• **Provided material**
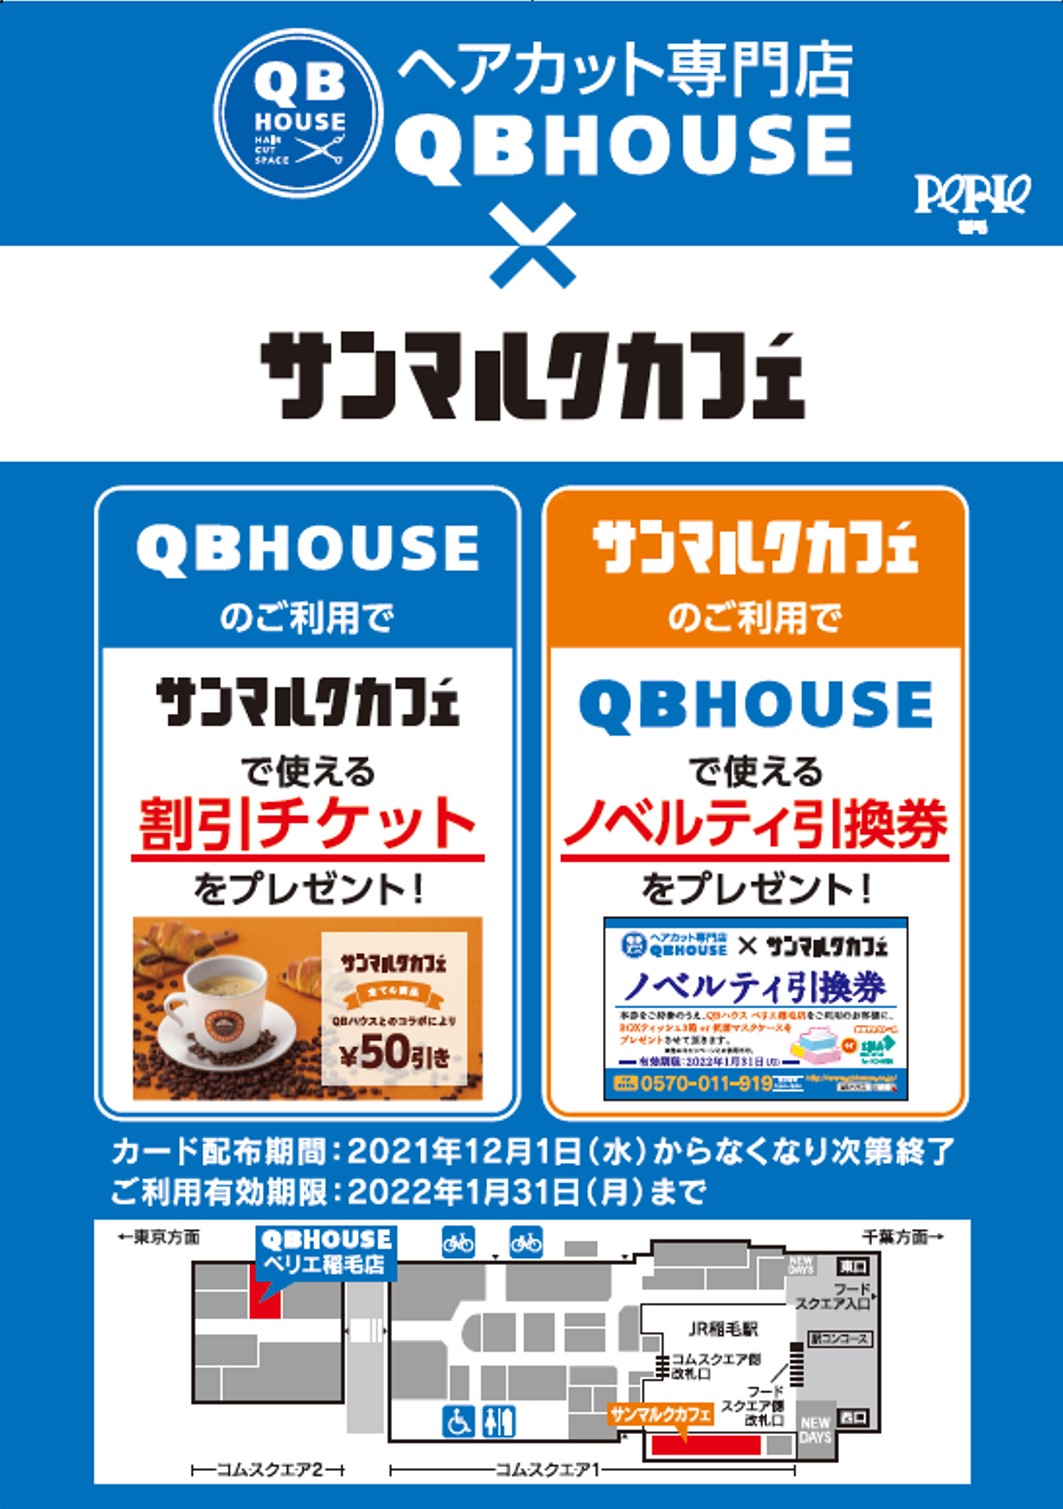 【QBHOUSE×サンマルクカフェ】コラボレーションキャンペーンのお知らせ
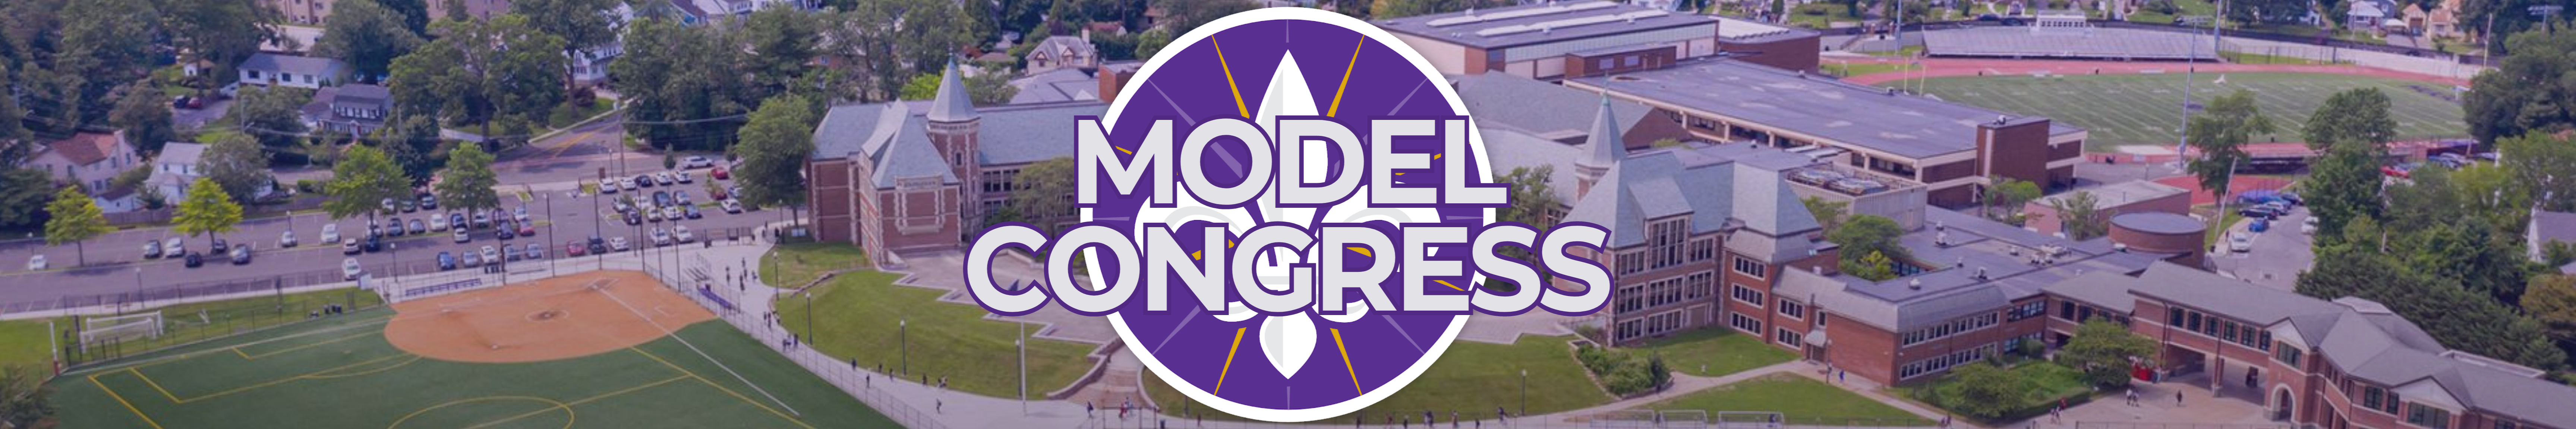 Model Congress banner
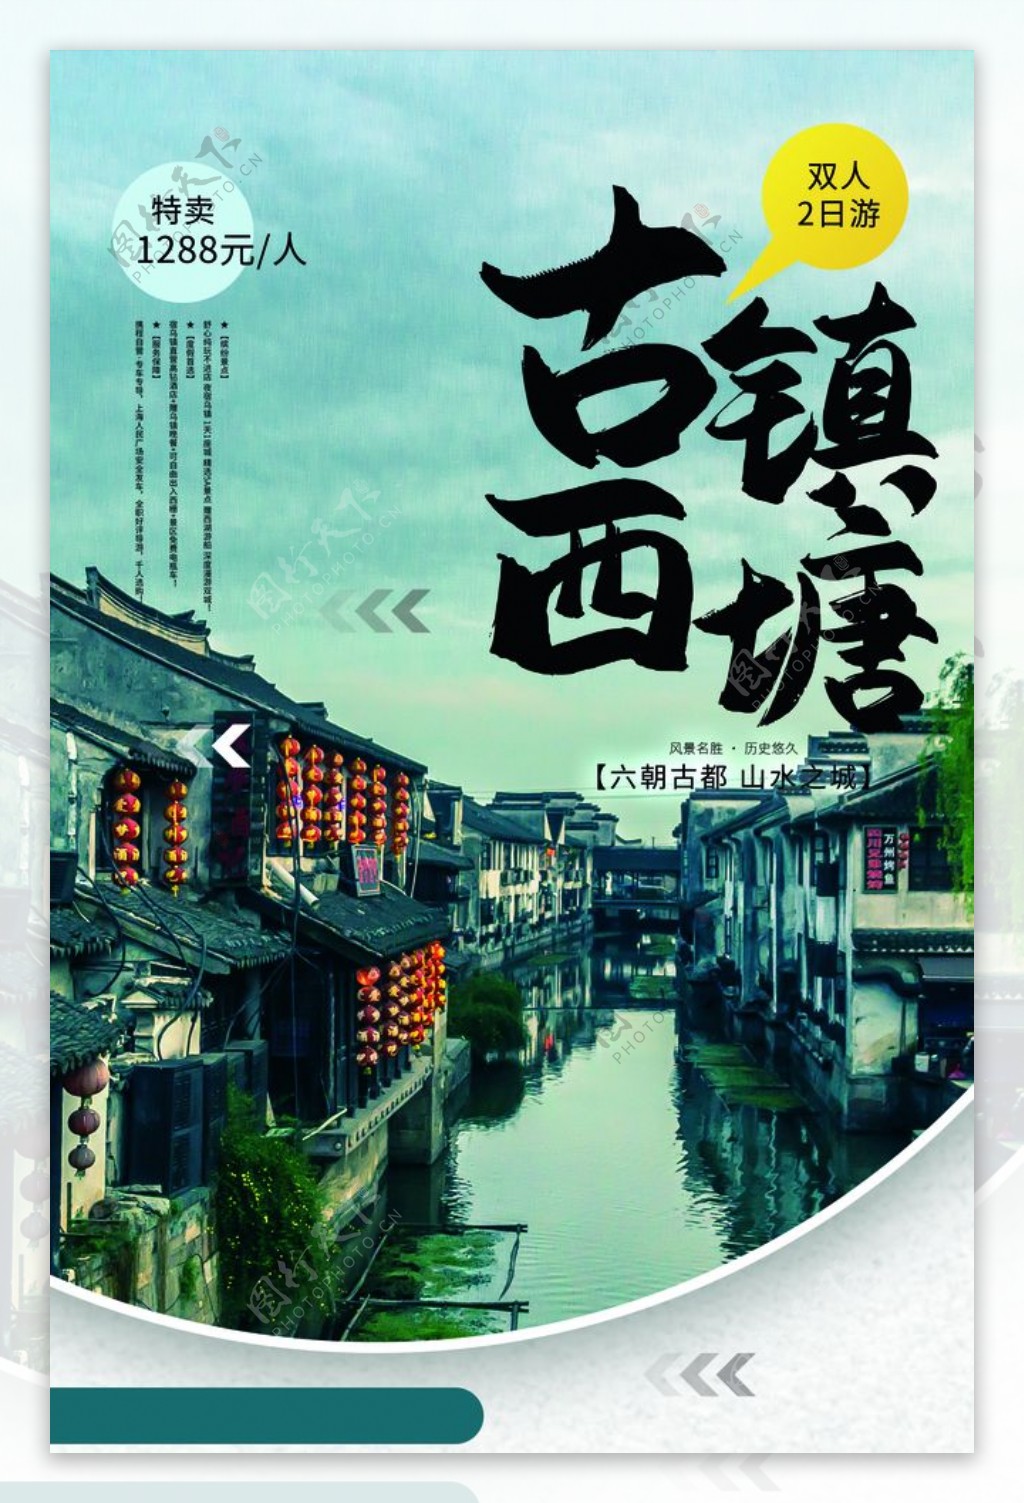 古镇西塘旅游活动促销海报素材
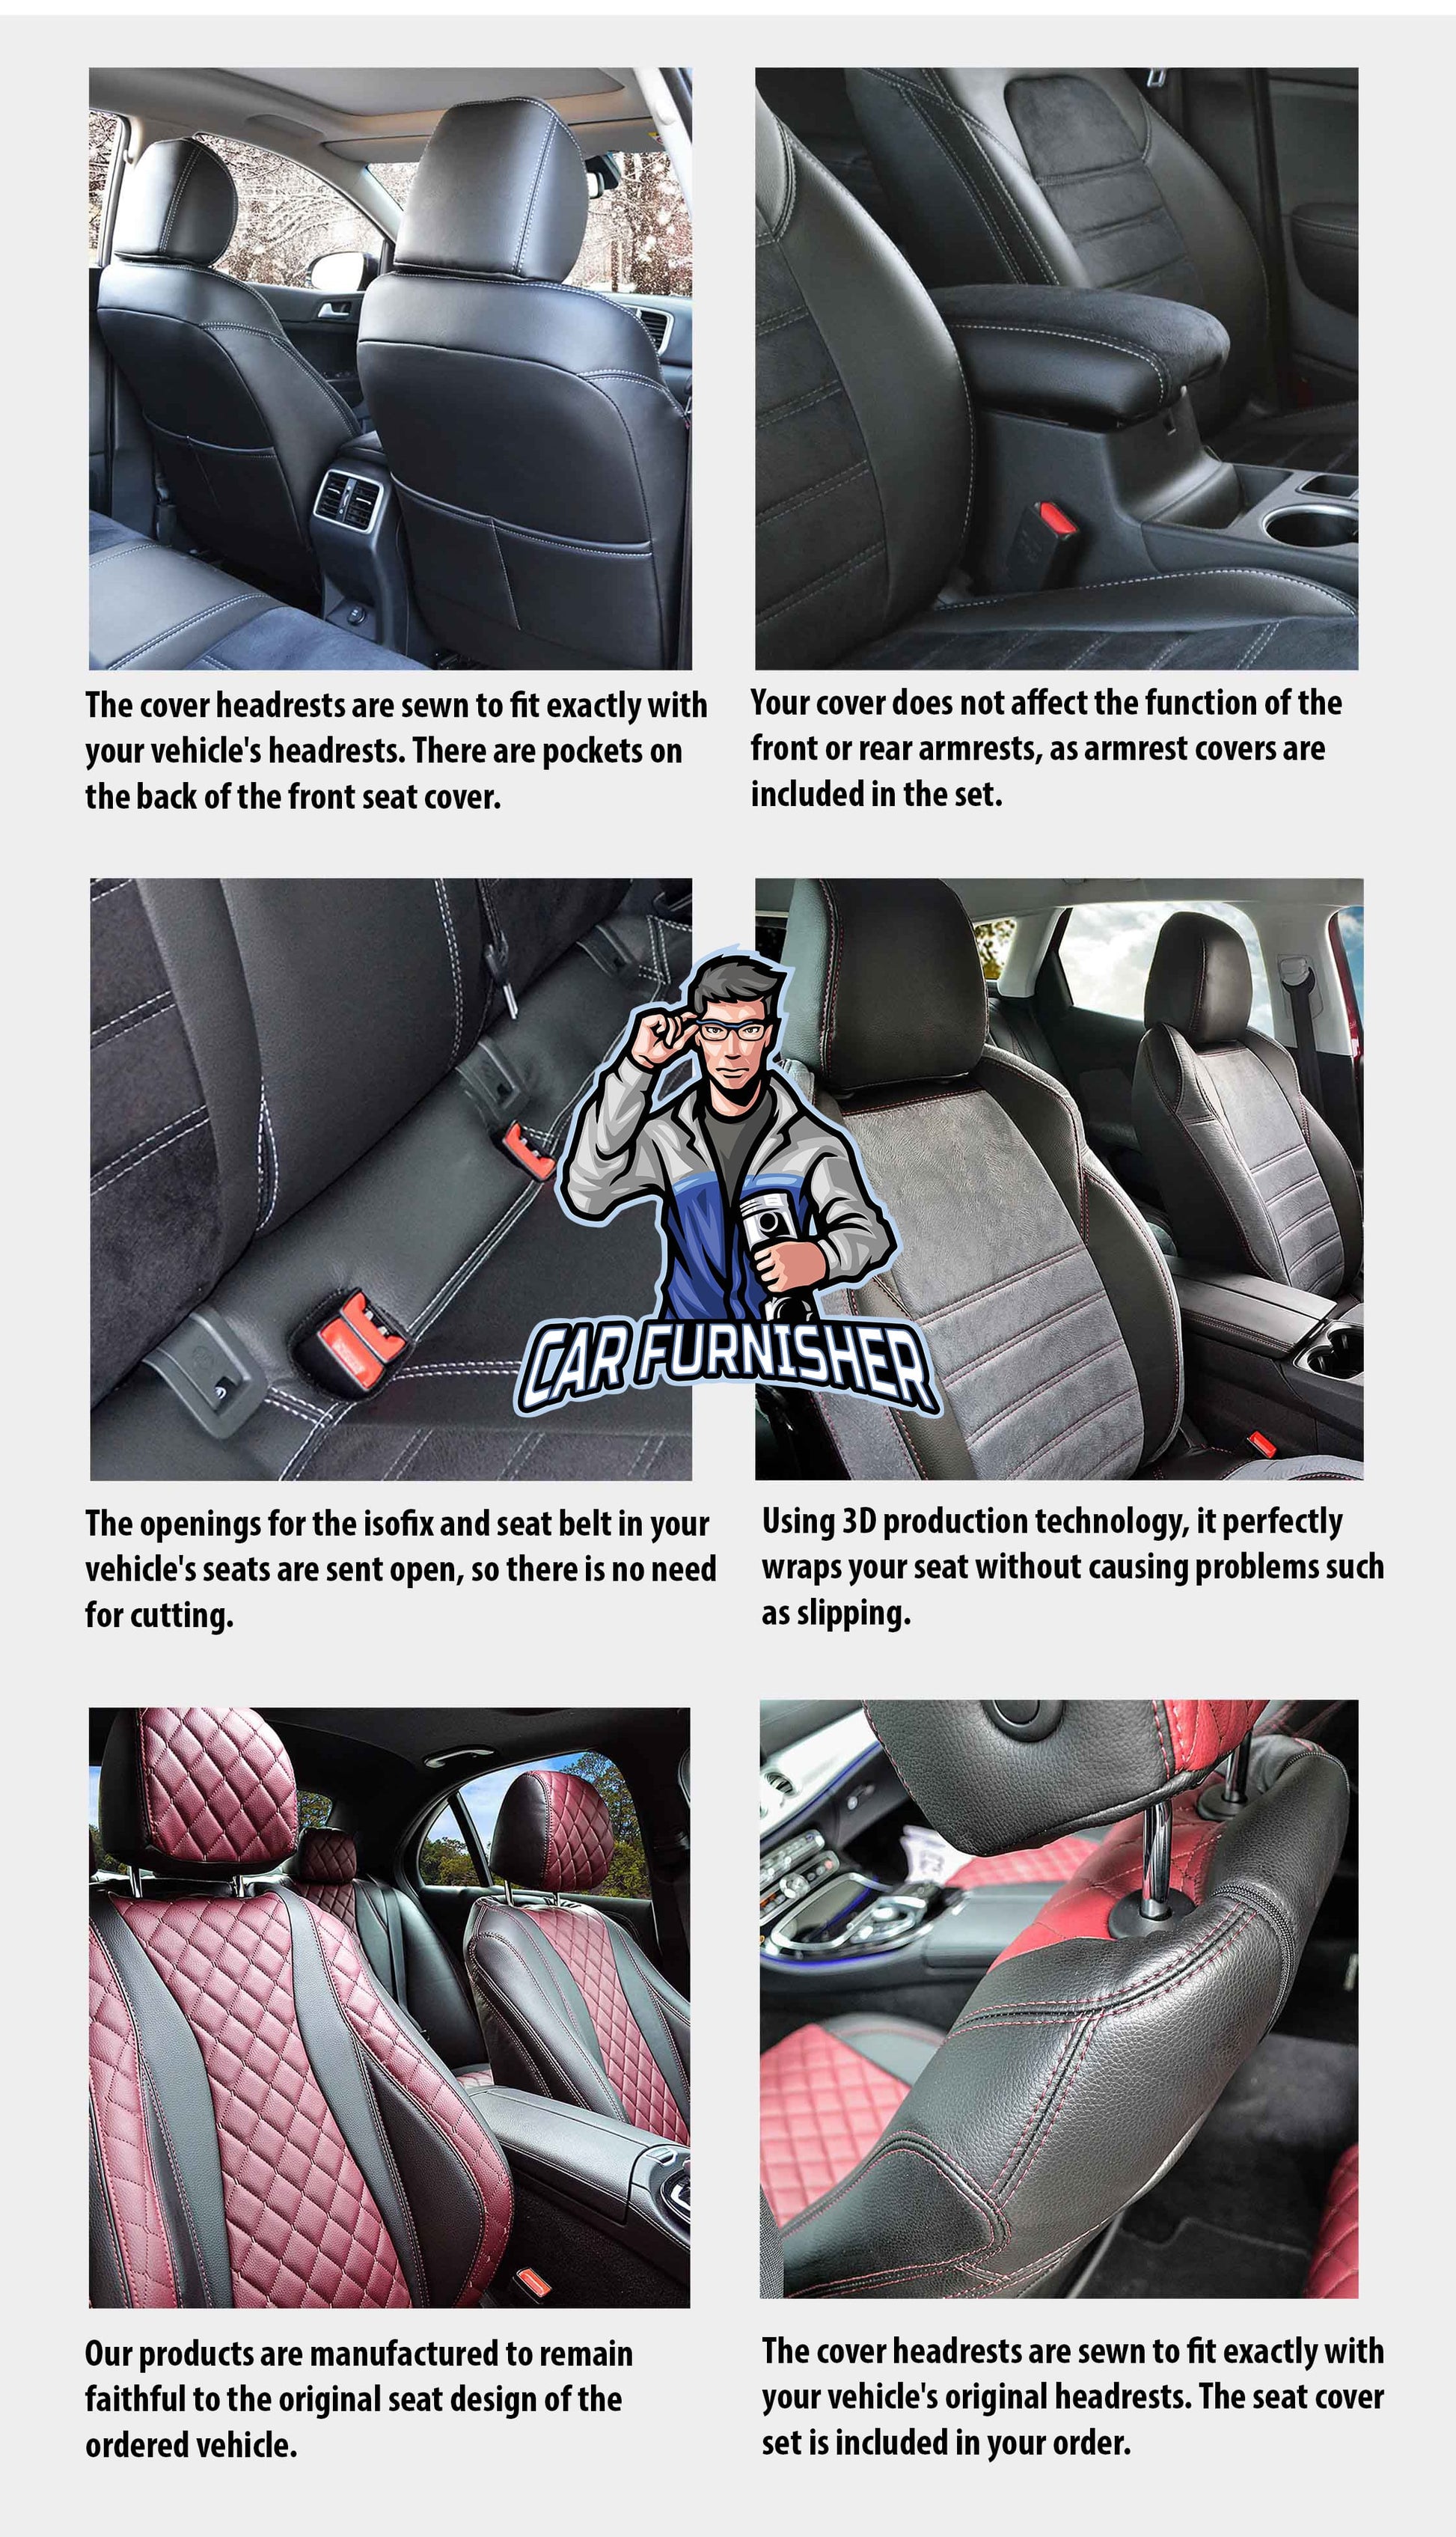 Skoda Rapid Seat Covers Camouflage Waterproof Design Arctic Camo Waterproof Fabric

• **Exercise**
Word for word, return the material, omitting the pictures.

• **Result for this exercise**
 【QBHOUSE×サンマルクカフェ】コラボレーションキャンペーンのお知らせ
 Model Congress banner
 古镇西塘旅游活动促销海报素材
 Skoda Rapid Seat Covers Camouflage Waterproof Design Arctic Camo Waterproof Fabric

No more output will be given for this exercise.